Citibank cuts base lending rate to spur loans uptake
Posted Tuesday, August 7 2012 at 20:06
The Kenyan banking arm of financial services firm Citibank has cut its base lending rate.
The bank joins other lenders that have reduced their cost of lending following the drop in Central Bank of Kenya’s (CBK) benchmark rate last month.
The ninth largest bank in the country said the cut to 19 per cent from 22 per cent beginning mid next week was a reaction to the banking regulator’s cue for lower lending rates.
“The action we have taken is in recognition of the Central Bank of Kenya’s recent action to ensure we are offering our clients a commercially competitive base rate,” said Citibank chief executive officer Dan Connelly.

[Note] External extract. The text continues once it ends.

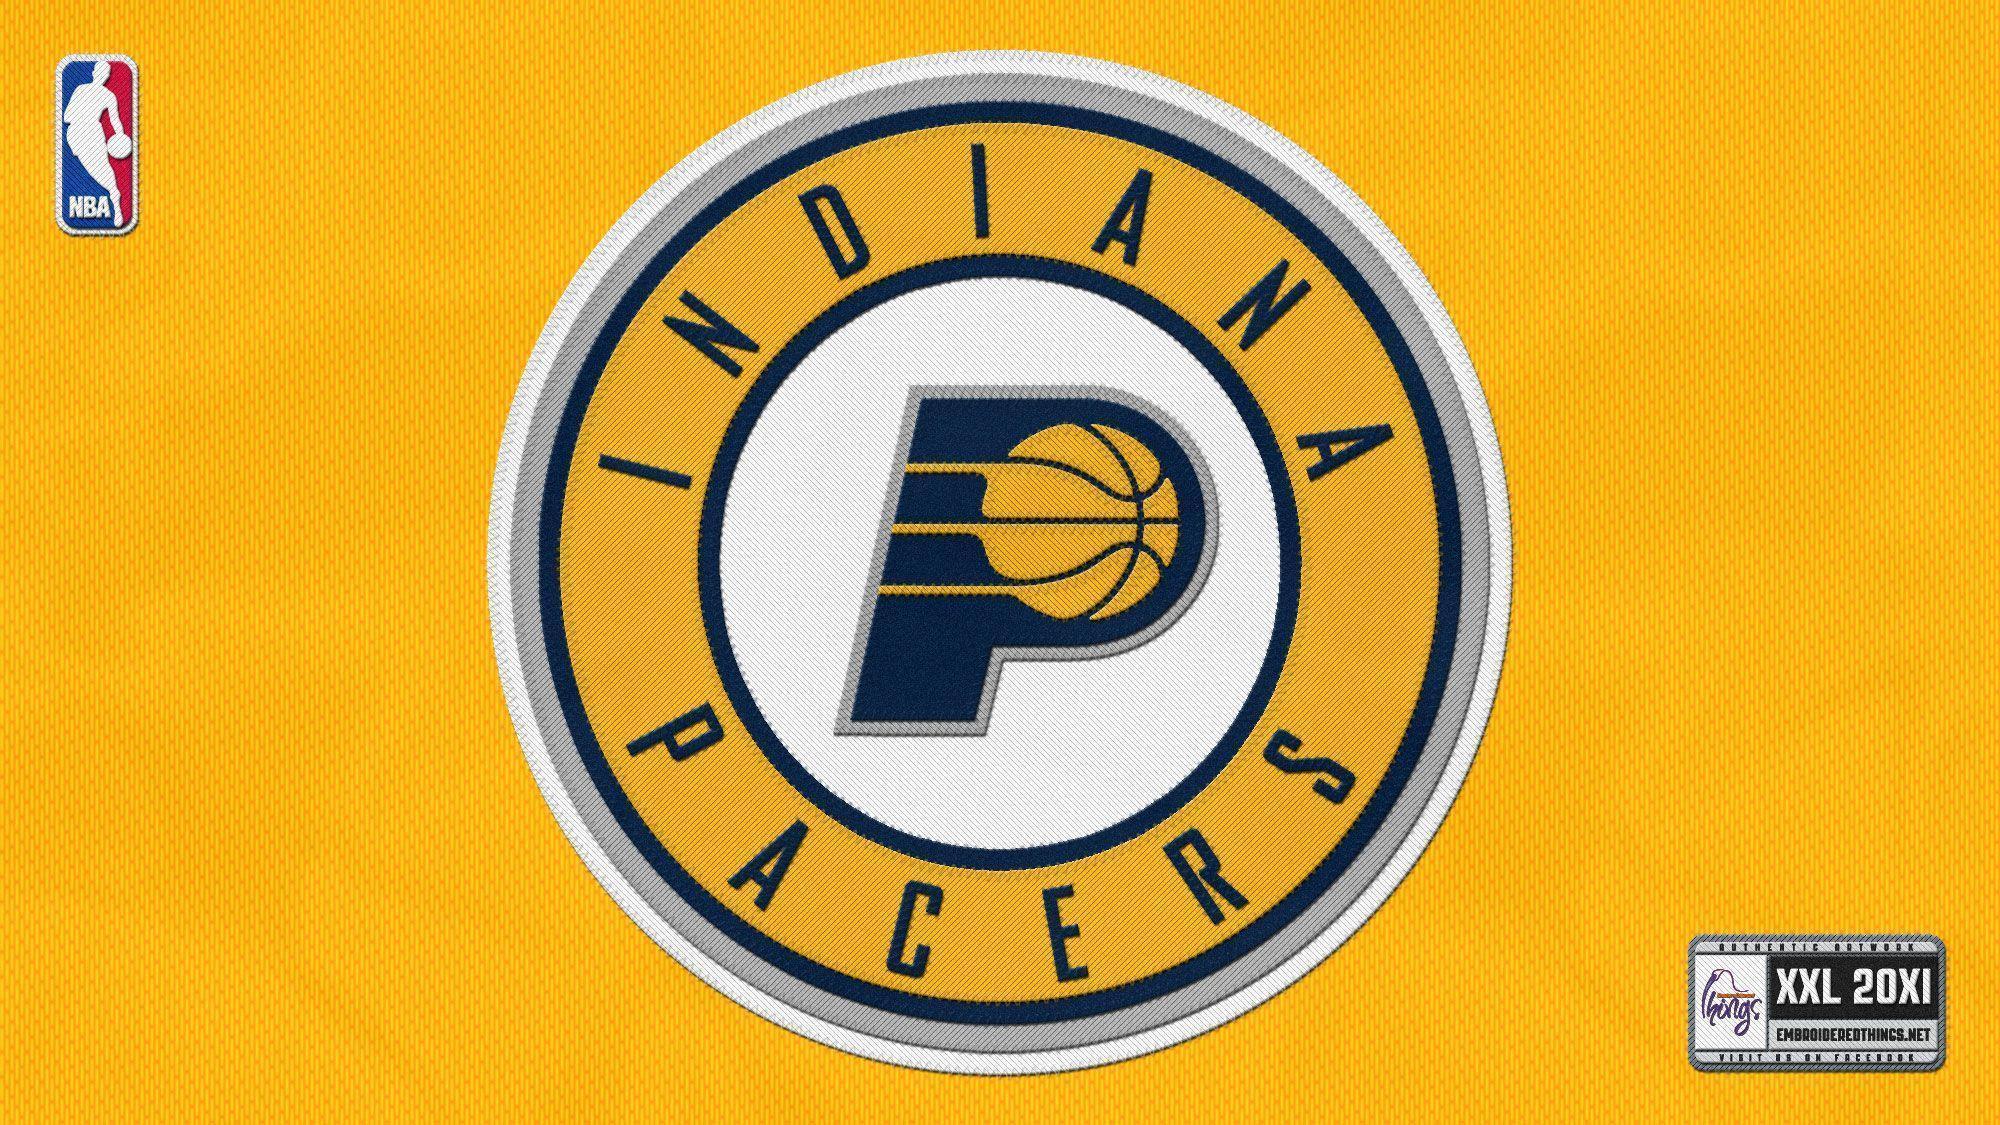 Indiana Pacers scores

The lender, which mainly focuses on corporate lending, joins other banks such as Barclays, Kenya Commercial Bank Group, Equity Bank and Diamond Trust Bank, which have announced rate cuts following the decision by the regulator to lower its benchmark rate to 16.5 per cent from 18 per cent.
“We hope that this will help to spur economic growth in various markets through more affordable credit and that this reduction will support our customers effort to grow their business,” said Mr Connelly.
Equity, during the release of its half-year financial performance two weeks ago said it had cut its base lending rate to 20 per cent while during the same week, I&M Bank also said that it would cut its base rate to 22.5 per cent from next month.
Barclays Bank was the first to cut its base lending rate, to 21 per cent from 22.5 per cent beginning this month followed by Standard Chartered that lowered its rate by 1.5 percentage points.